The data must be reproduced verbatim; images are to be omitted.

> _SUPPLIED DATA_:
*****

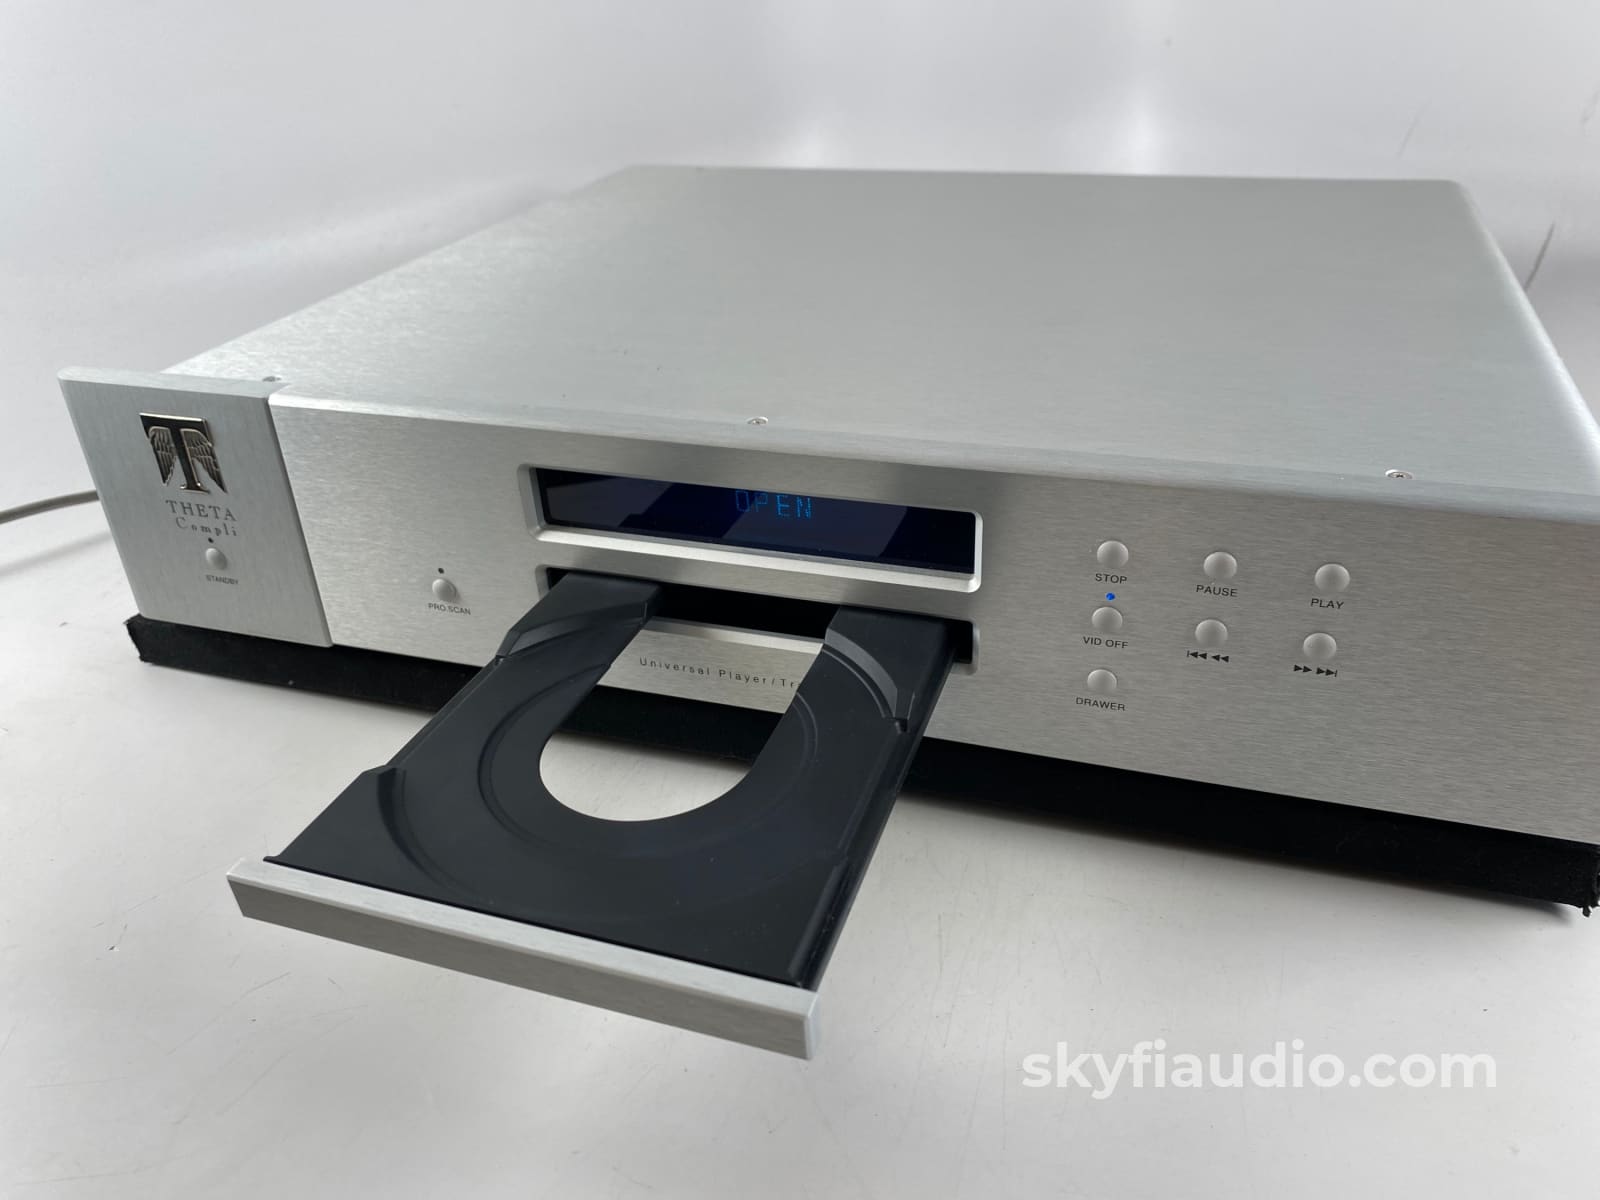 Theta Digital Compli - Universal Disc Player And Transport (Sacd/Cd/Cd-R/Mp3/Dvd-A) Cd +
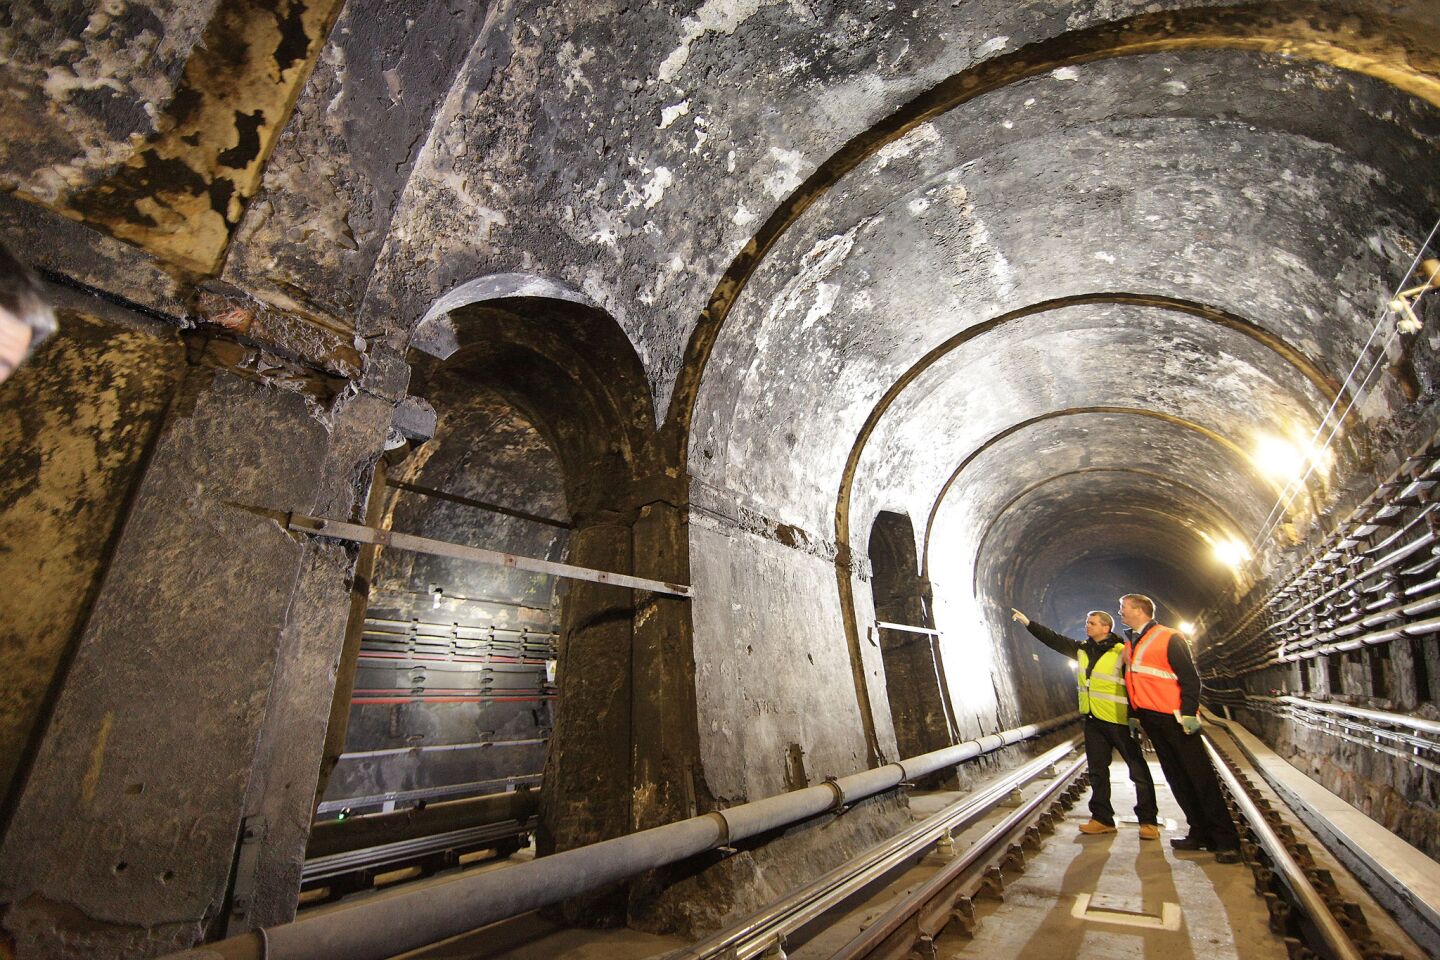 Railway workers look at original brickwork in the Thames Tunnel.
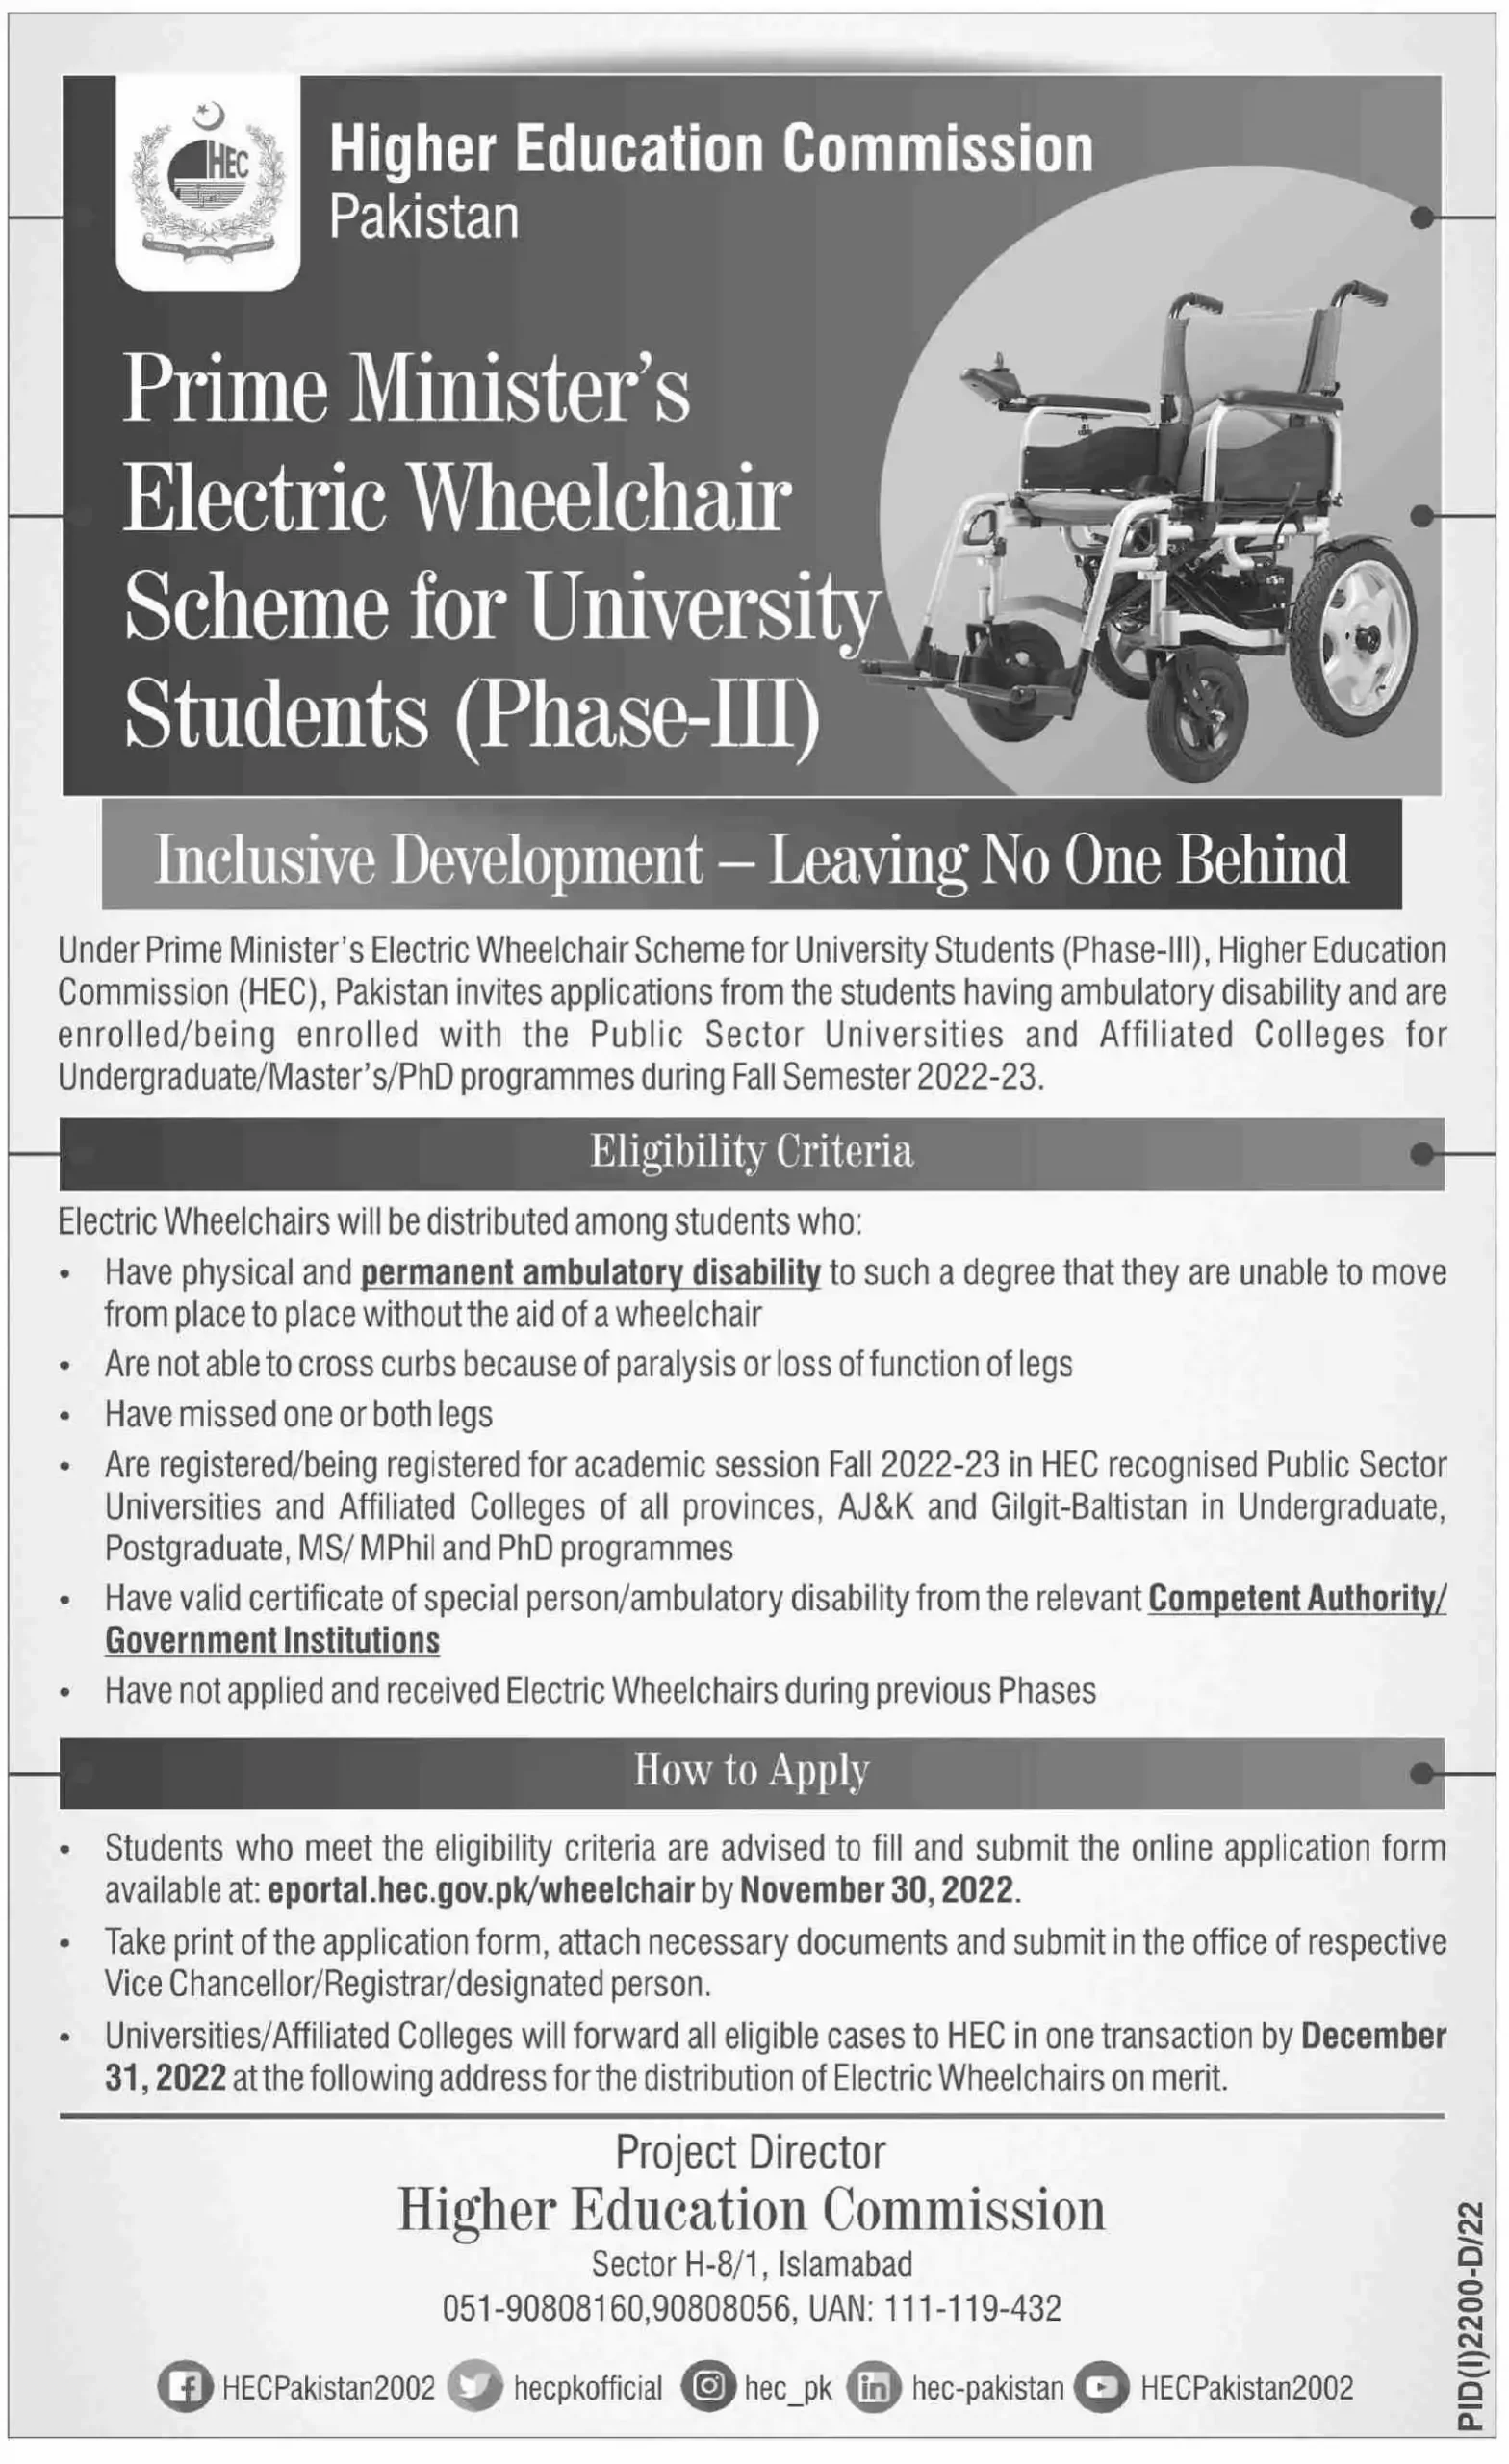 PM Electric Wheelchair Scheme 2022-23 ePortal.Hec.Gov.Pk

*****

> _WRITTEN SOLUTION_:
 Theta Digital Compli - Universal Disc Player And Transport (Sacd/Cd/Cd-R/Mp3/Dvd-A) Cd +
 Railway workers look at original brickwork in the Thames Tunnel.
 PM Electric Wheelchair Scheme 2022-23 ePortal.Hec.Gov.Pk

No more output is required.